Given a set of data points $(x_1,x_2,x_3,....,x_n)$ , the algorithm aims to partition(cluster) these data points into $k$ clusters $(k<n)$ such that the sum of squared avarages (variance) of the points in the cluster is minimized.

If we represent the clusters as $(c_1,c_2,c_3,....,c_k)$, and $\gamma$ is the mean of all points in a cluster, then the alogorithm attempts to find

$\min\sum_{i=1}^k\sum_{x\in c_i}\parallel x-\gamma_i\parallel^2$

where $\parallel x-\gamma_i\parallel^2$ is the variance of point $x$ in the cluster.

### Problem definition
As we saw in the previous notebook, the dataset we are working with has 5 adverse event topics for each drug name that were generated from unstructured descriptions of those adverse events. Given these unstructured descriptions as the only source of information about the drug, we want to cluster these drugs into groups based on how similar they are in terms of the adverse events that are associated with them. This means if two drugs result in similar adverse events, they will be grouped together. We will do this by using the K-means clustering algorithm described above.
<br><br>Adverse events are reported in free text and this type of unsupervised grouping of drugs based on unstructured descriptions of adverse events  will allow analysts to better understand the adverse events patterns in groups of drugs just from raw unstructured data. Its valuable input for further studies involving supervised techniques like classification or regression.

### Setup

We will begin by importing the necessary libraries into our notebook. **Note that [gensim](https://radimrehurek.com/gensim/) and [columnize](https://pypi.org/project/columnize/) doesnt come preinstalled with the SageMaker Notebook.** The library is preinstalled for you using a [SageMaker lifecycle configuration](https://docs.aws.amazon.com/sagemaker/latest/dg/notebook-lifecycle-config.html) that was attached to the notebook instance at the time it was created using a [CloudFormation template](https://aws.amazon.com/cloudformation/resources/templates/).


In [None]:
import sagemaker
from sagemaker.sklearn.estimator import SKLearn
from sagemaker.sklearn.model import SKLearnModel
from sagemaker import get_execution_role
import boto3, os
import pandas as pd
import gensim                                     
import columnize
import numpy as np
from gensim.models import Word2Vec
from sklearn.manifold import TSNE
from tempfile import TemporaryFile
import matplotlib.pyplot as plt
import seaborn as sns
from sklearn.decomposition import PCA
%matplotlib inline

Next, we will create a SageMaker session to manage interactions with SageMaker commands and other AWS services. We use this session to create a sagemaker default bucket, an S3 bucket in your AWS account that allows you to store training data, model arctifacts and other supporting files. We also get the sagemaker execution role and our s3 prefix for storing the files.

In [None]:
sagemaker_session=sagemaker.Session()
bucket = sagemaker_session.default_bucket()

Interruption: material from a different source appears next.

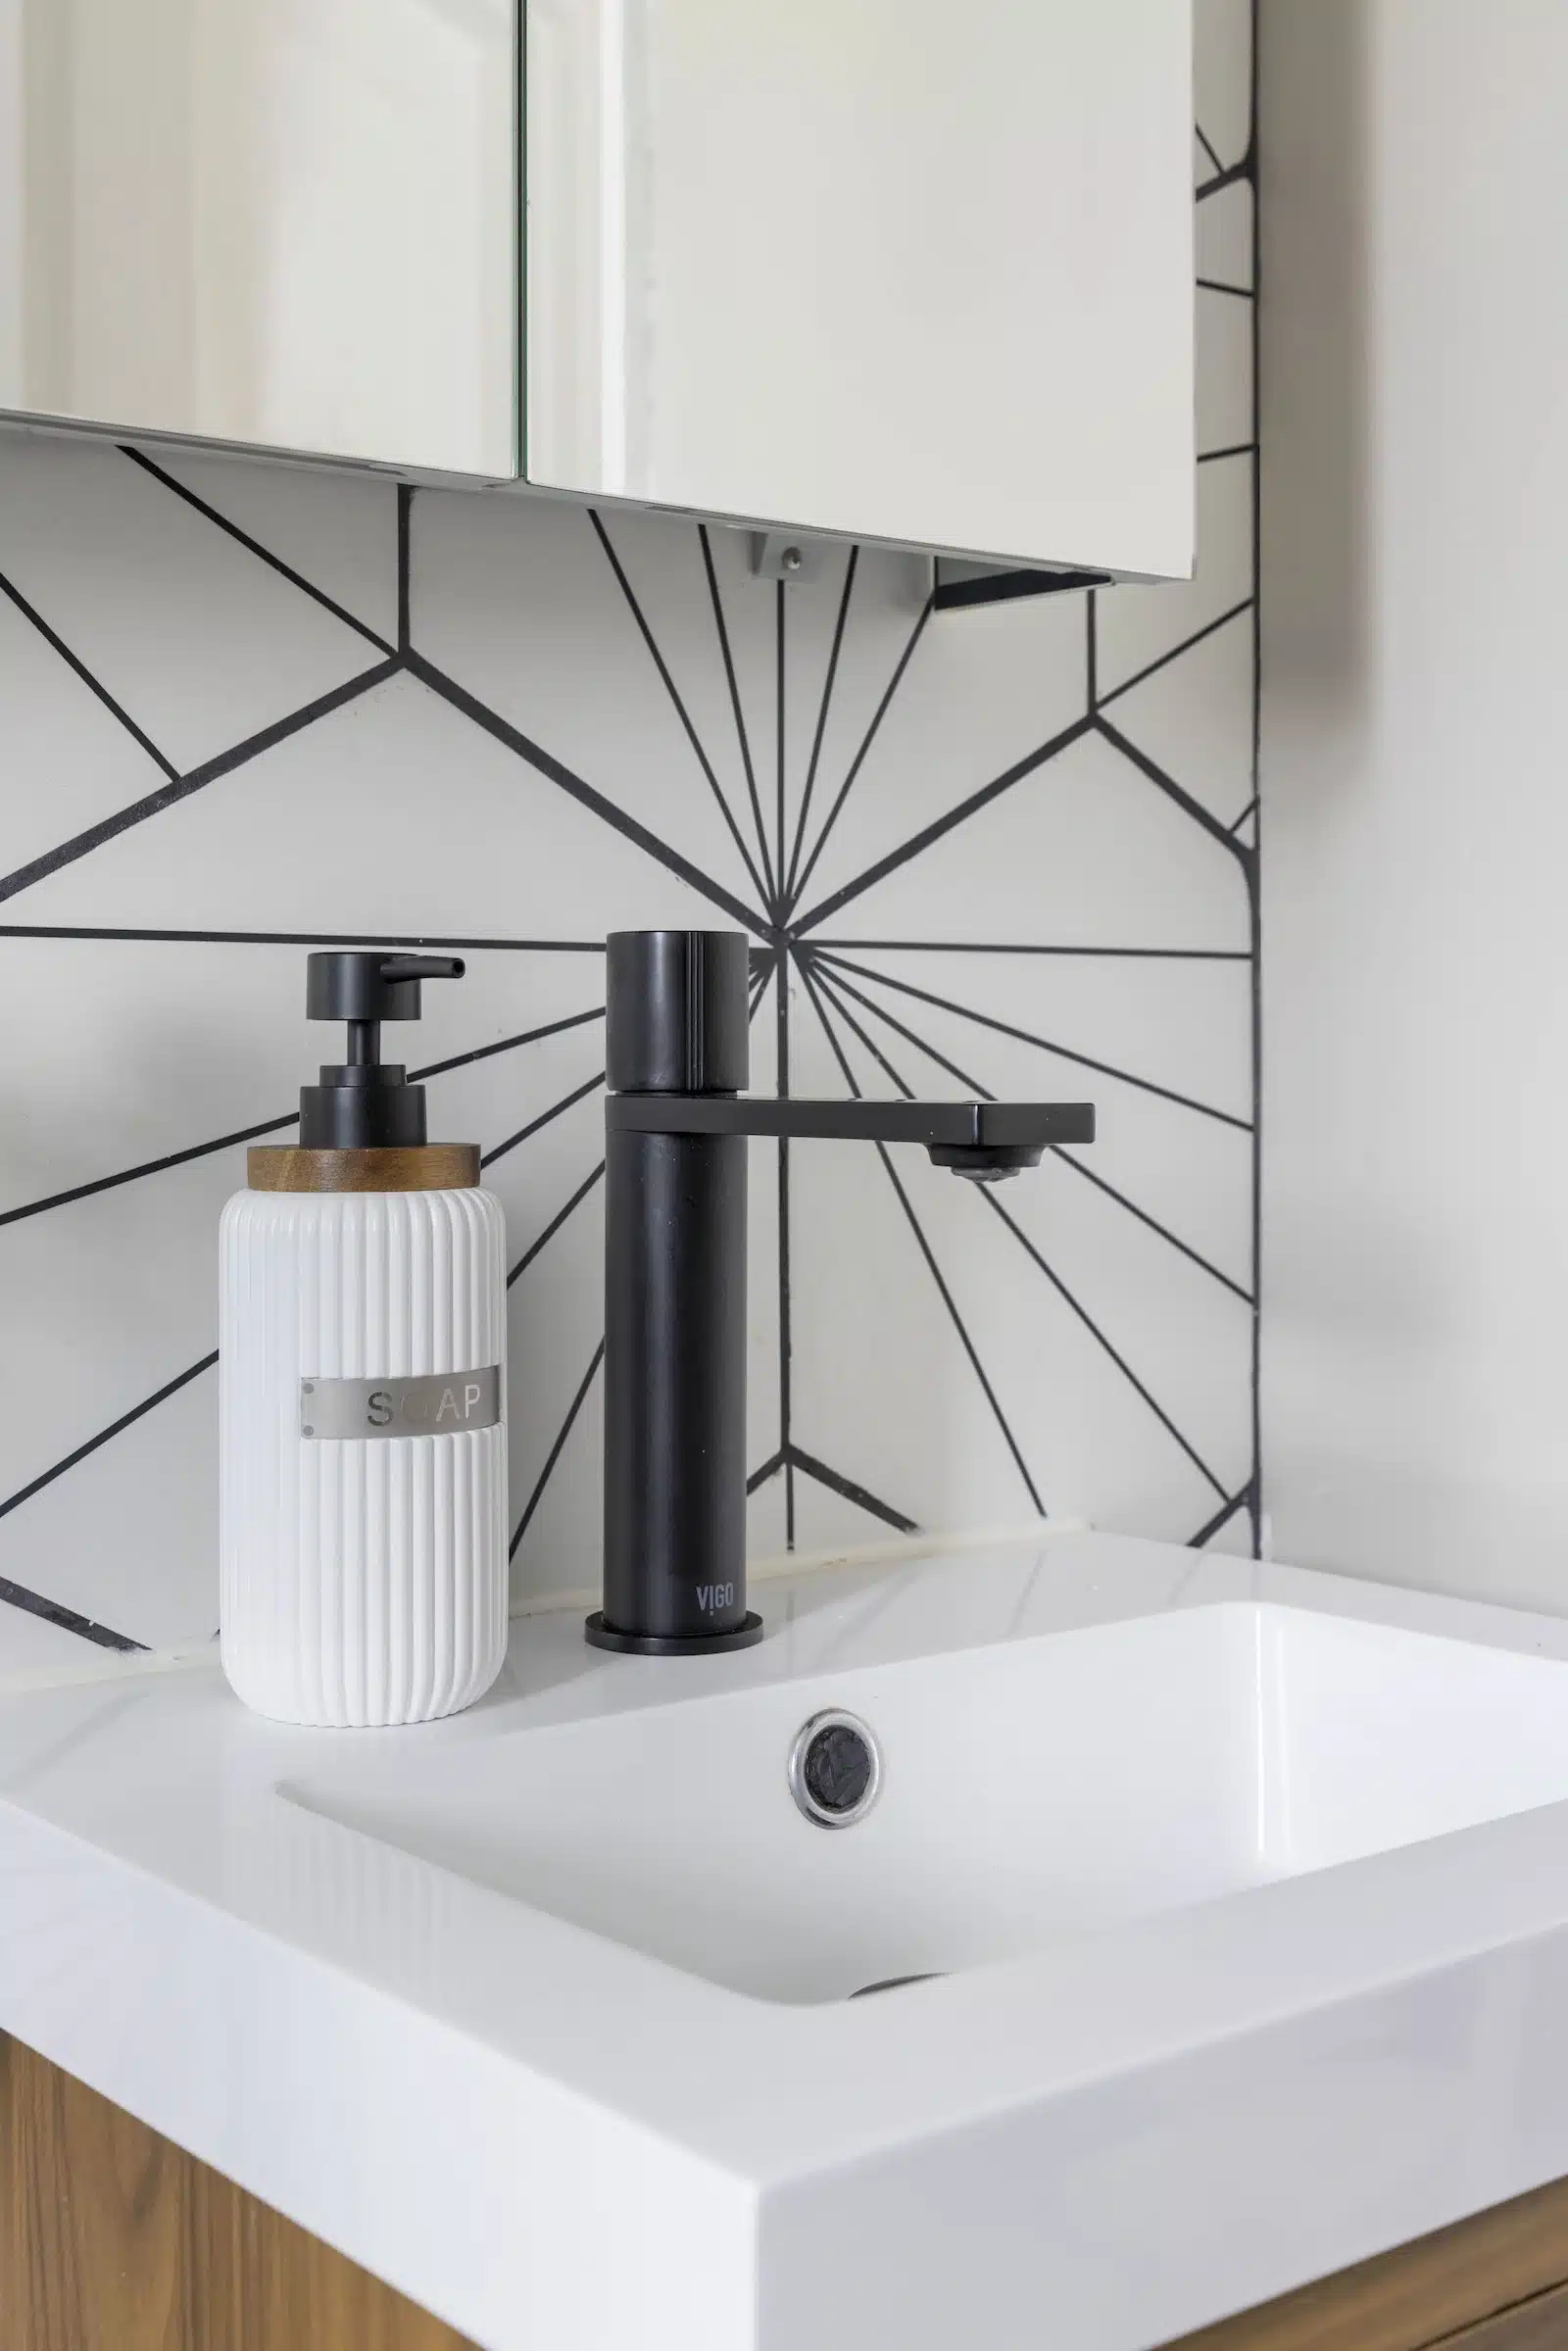 black and white hex patterned bathroom tile with black sink faucet

role = get_execution_role()
prefix = 'sagemaker/ae-clustering'

print('Training input/output will be stored in {}/{}'.format(bucket, prefix))
print('\nIAM Role: {}'.format(role))

### Data analysis and pre processing
Lets now load up our data file into a data frame by using the [`read_csv`](https://pandas.pydata.org/pandas-docs/stable/reference/api/pandas.read_csv.html) command of Pandas. While we generated multiple files in the previous notebook, let's select the file `reviews_all.csv`, which contains all of the reviews generated previously.

In [None]:
raw_data = pd.read_csv("source/reviews_all.csv")
display(raw_data)

Next, we drop the column "drugName" from the source dataframe and store the other columns in a new dataframe "raw_sentences". This is because we want to save the original dataframe for analyzing our output from the model. We then create a list of terms in columns "topic1" through "topic5" and save it in a new variable called "corpus". This variable contains a list of topics for all the drugs in our source data. You can see how the corpus looks for the first drug by printing the first row of the corpus (denoted by index 0).  

In [None]:
raw_data.head(1)

In [None]:
raw_sentences=raw_data.drop(['drugName'], axis=1)
corpus = raw_sentences.values.tolist()
corpus[0]

## Generating word embeddings and vocabulary

Word embedding is a technique that allows words present in a corpus to be represented as a vector of real numbers with a fixed number of dimensions. This technique is invaluable for [Natural Language Processing (NLP)](https://en.wikipedia.org/wiki/Natural_language_processing) tasks as it allows algorithms to learn complex assiciations and context in a corpus of words. This allows you to answer questions like "how similar/different is one word to the other word?"<br><br> We will use the [Word2Vec](https://radimrehurek.com/gensim/models/word2vec.html) algorithm from the Gensim library to generate real valued vector representations for our corpus of words. The vectors have 100 dimensions and the algorithm automatically generates the unique vocabulary for us. 

In [None]:
# traing wordtovec model on diagnosis description tokens
word_vec = Word2Vec(corpus,iter = 50)

ae_words = list(word_vec.wv.vocab)
print(columnize.columnize(ae_words, displaywidth=80, ljust=False))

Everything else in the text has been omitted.